Xinhua, November 20, 2016 Adjust font size:

Cambodian police have arrested an Australian nurse and two Cambodian accomplices for running a commercial surrogacy service in Phnom Penh, a senior police official said on Sunday.

Tammy Alayne Charles, 49, who operated Fertility Solutions PGD clinic, and two Cambodian helpers - a 35-year-old Cambodian female-nurse and 28-year-old male civil servant - were arrested on Friday evening in Phnom Penh, said Colonel Keo Thea, chief of Phnom Penh Municipal Anti-Human Trafficking and Juvenile Protection Police.

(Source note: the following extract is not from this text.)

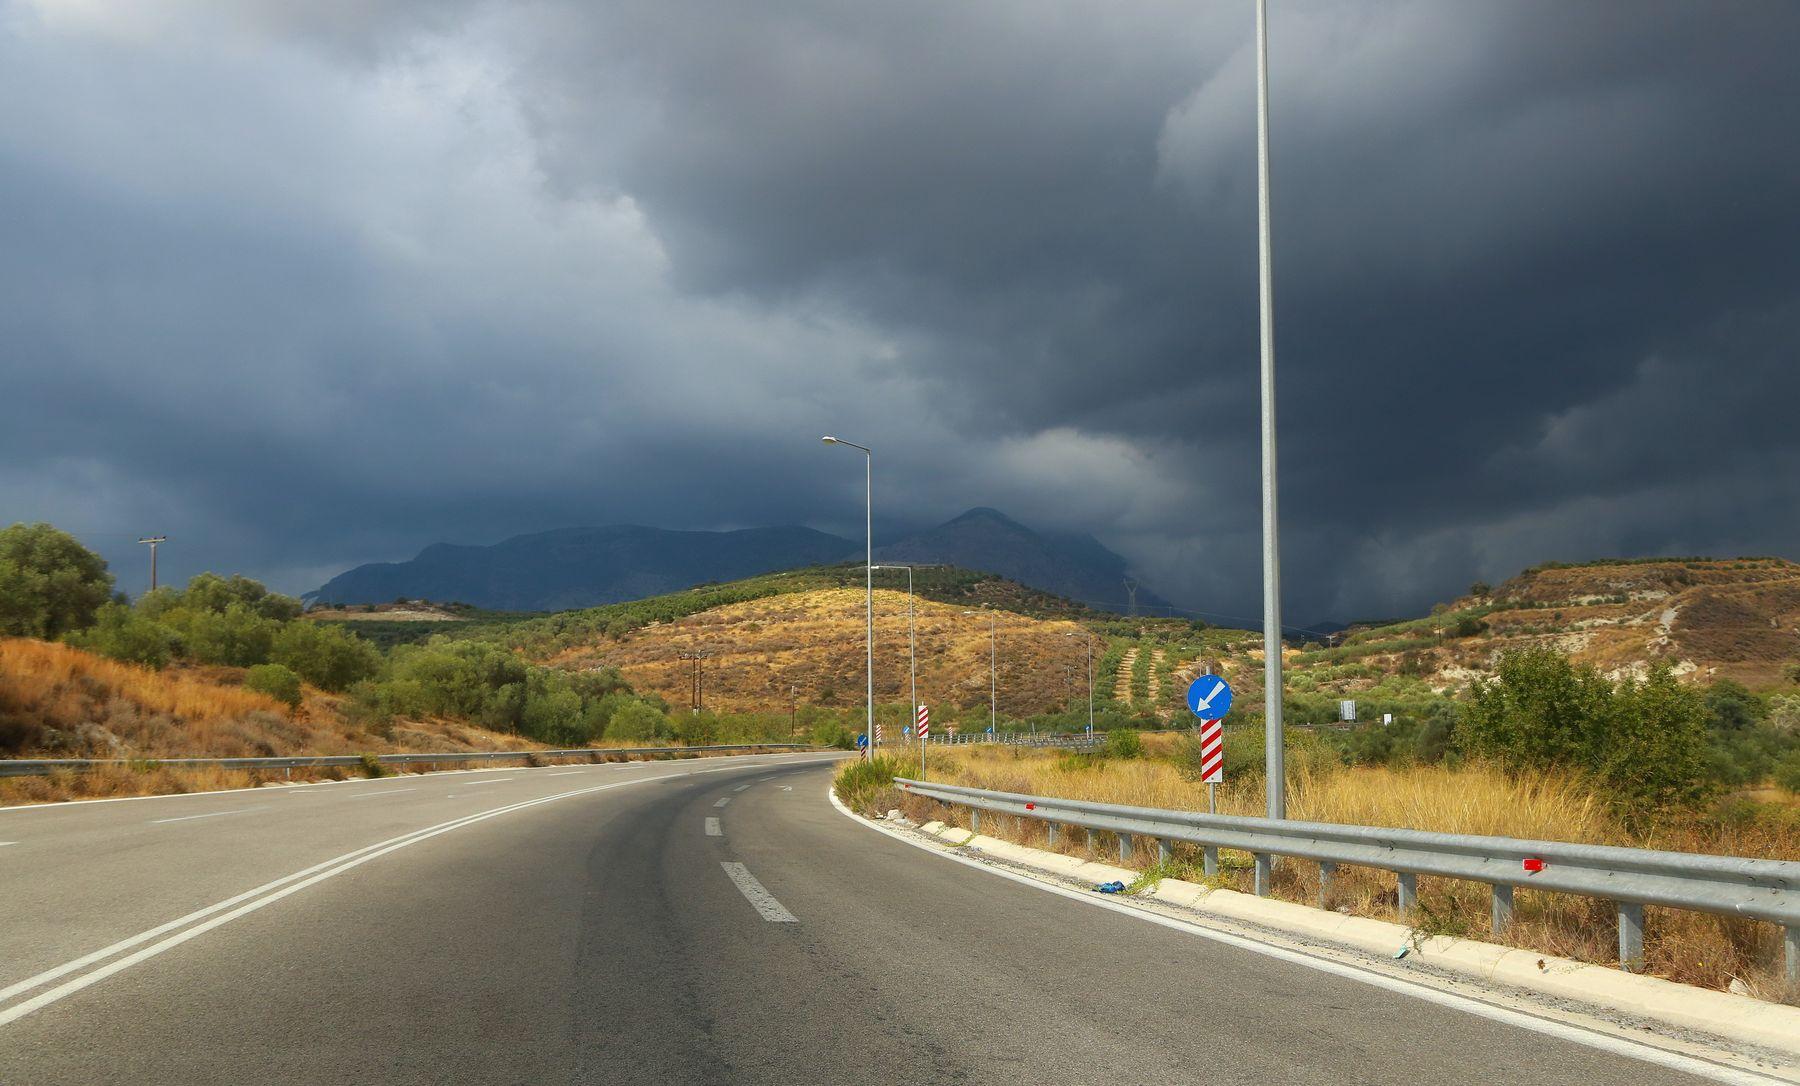 Дорога в непогоду ... дорога гроза путешествие

"The Australian nurse has run the surrogacy service in Cambodia for more than a year, moving from Thailand after the Thai government imposed anti-surrogacy laws last year," he told Xinhua.

"She has confessed to running this business and contacted foreign couples seeking to have a child through surrogacy."

According to Keo Thea, Tammy has arranged for 23 Cambodian women to bear pregnancies through the clinic, and so far, about six babies have been born.

He said that Tammy and the Cambodian accomplices are facing the charges of engaging in surrogacy business and falsifying documents, including birth certificates.

"Under the kingdom's penal code, they could face between six months and two years if convicted," he said.

During the raid on their rented house in the western suburbs of Phnom Penh, police seized two passports, money, two mobile phones, a computer and documents.

The arrest was made nearly a month after Cambodia's Health Ministry announced a ban on commercial surrogacy in the country, describing surrogacy as a form of human "trading."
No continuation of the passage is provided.